According to the company, constructing robots to function in unpredictable, constantly changing human environments is a complex feat. While people can combine several skills, such as understanding, acting and navigating to accomplish a goal, robots generally need a lot of coding to do the same.

“For robots to be useful in everyday environments we need to move away from painstakingly coding them to do specific and structured tasks in exactly the right way at exactly the right time,” wrote Alphabet X robotics project lead Hans Peter Brondmo in a Medium post. “We have concluded that you have to teach machines to perform helpful tasks; you cannot program them.”

In the early days of the initiative, back in 2015 and 2016, X Company collaborated with Google AI, ultimately showing that robots could learn how to carry out a task. By human demonstration, from shared experience and simulating robots in the cloud, the team investigated how to train robots to function in the real world.

Over the past few months, X Company has been running an experiment for the robots to perform a useful task: sorting trash in workplace environments. The robots set out to divide cups, bottles, snack wrappers and more items across landfill, recycling and compost bins.

“Everyone has put waste into the wrong bin at some point, whether as an ‘oops’ or because our mind was somewhere else,” Brondmo explained. “As a result, contaminated items that could have been composted or recycled have to be sent to landfill. In a typical office, no one sifts through items to check for contamination, so this felt like a valuable problem to put our robots to work on.”

Several machine learning techniques were used to teach the robots, such as simulation, reinforcement learning, and collaborative learning. Every night, thousands of virtual robots practice sorting in a virtual environment in a cloud simulator. Later, real robots were trained to fine-tune their sorting skills. The real-world training and the simulated training data are then integrated and shared with the rest of the robots, teaching them all in the process.

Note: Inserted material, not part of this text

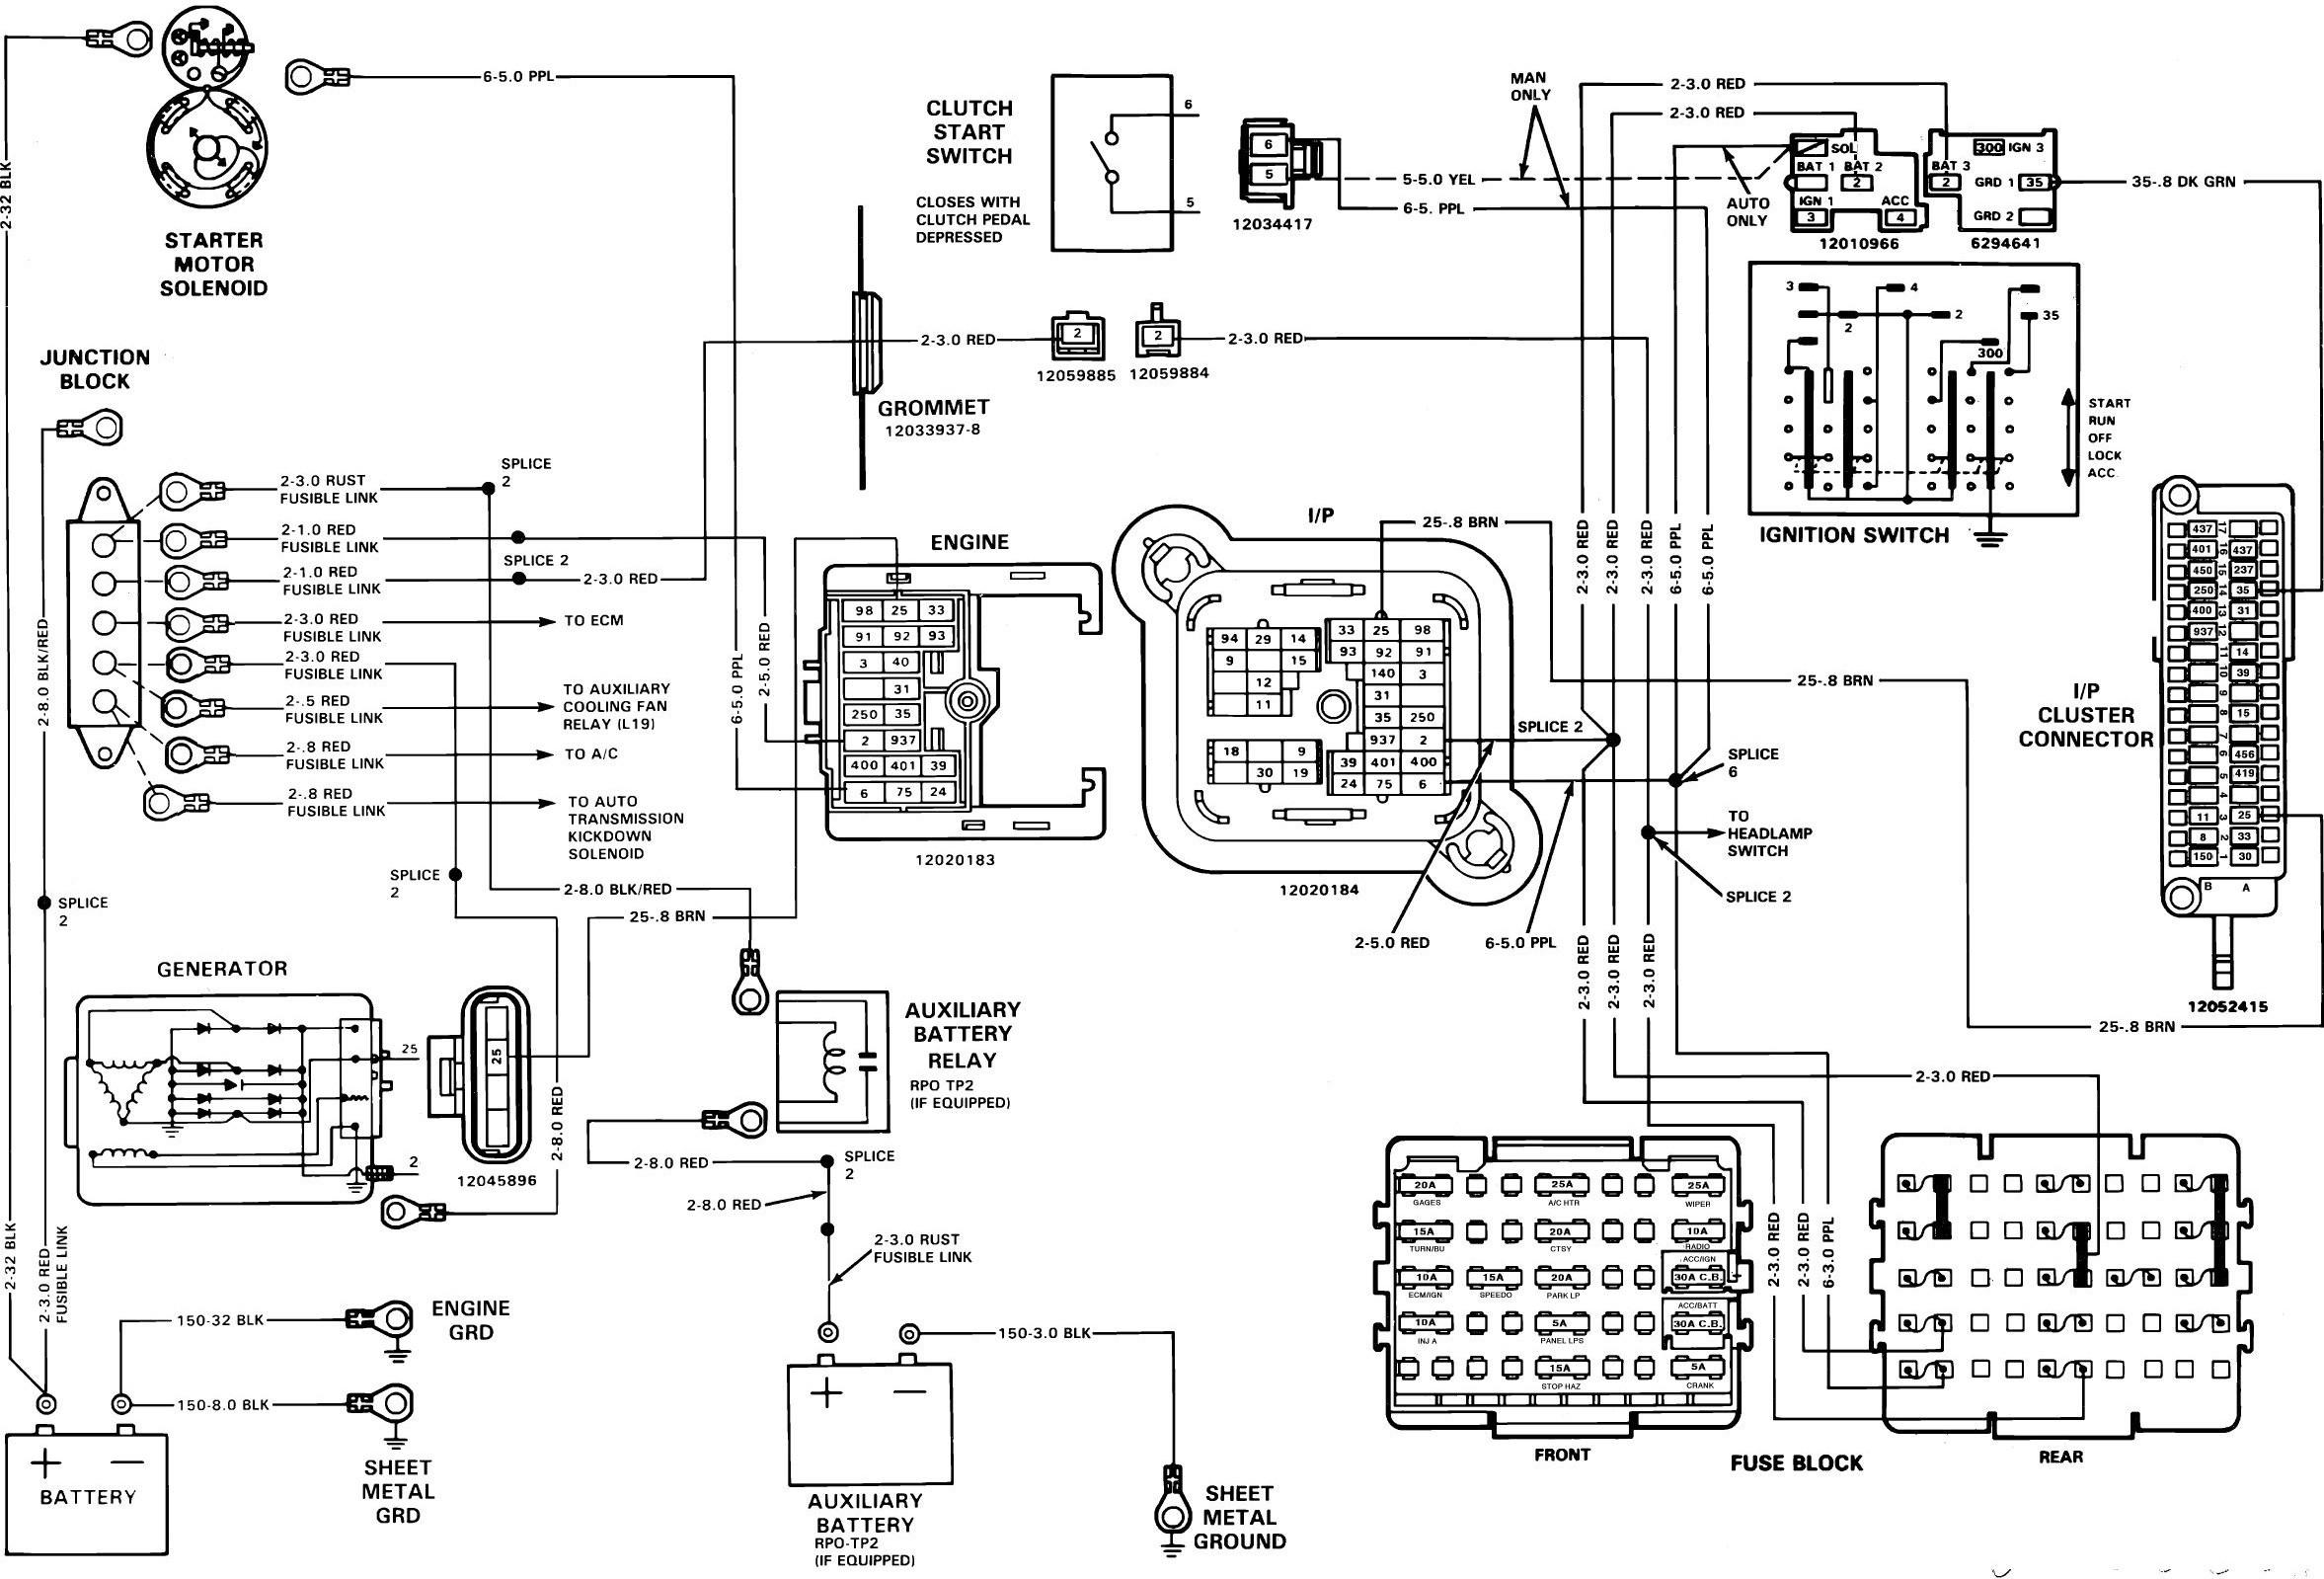 Silverado Wiring Diagram My Wiring Diagram

The X Company robots are now capable of sorting trash with a waste contamination level of under five percent—a fraction of the 20 percent shown by humans. Brondmo explained that these results are promising for two main reasons. One, the team was able to create a system that uses a robot’s abilities to do something useful. Two, the robots demonstrate that it’s possible to learn real-world tasks by just practicing—no extensive coding required.

“It will be years before the helpful robots we imagine are here, but we’re looking forward to sharing more robot adventures along the way.”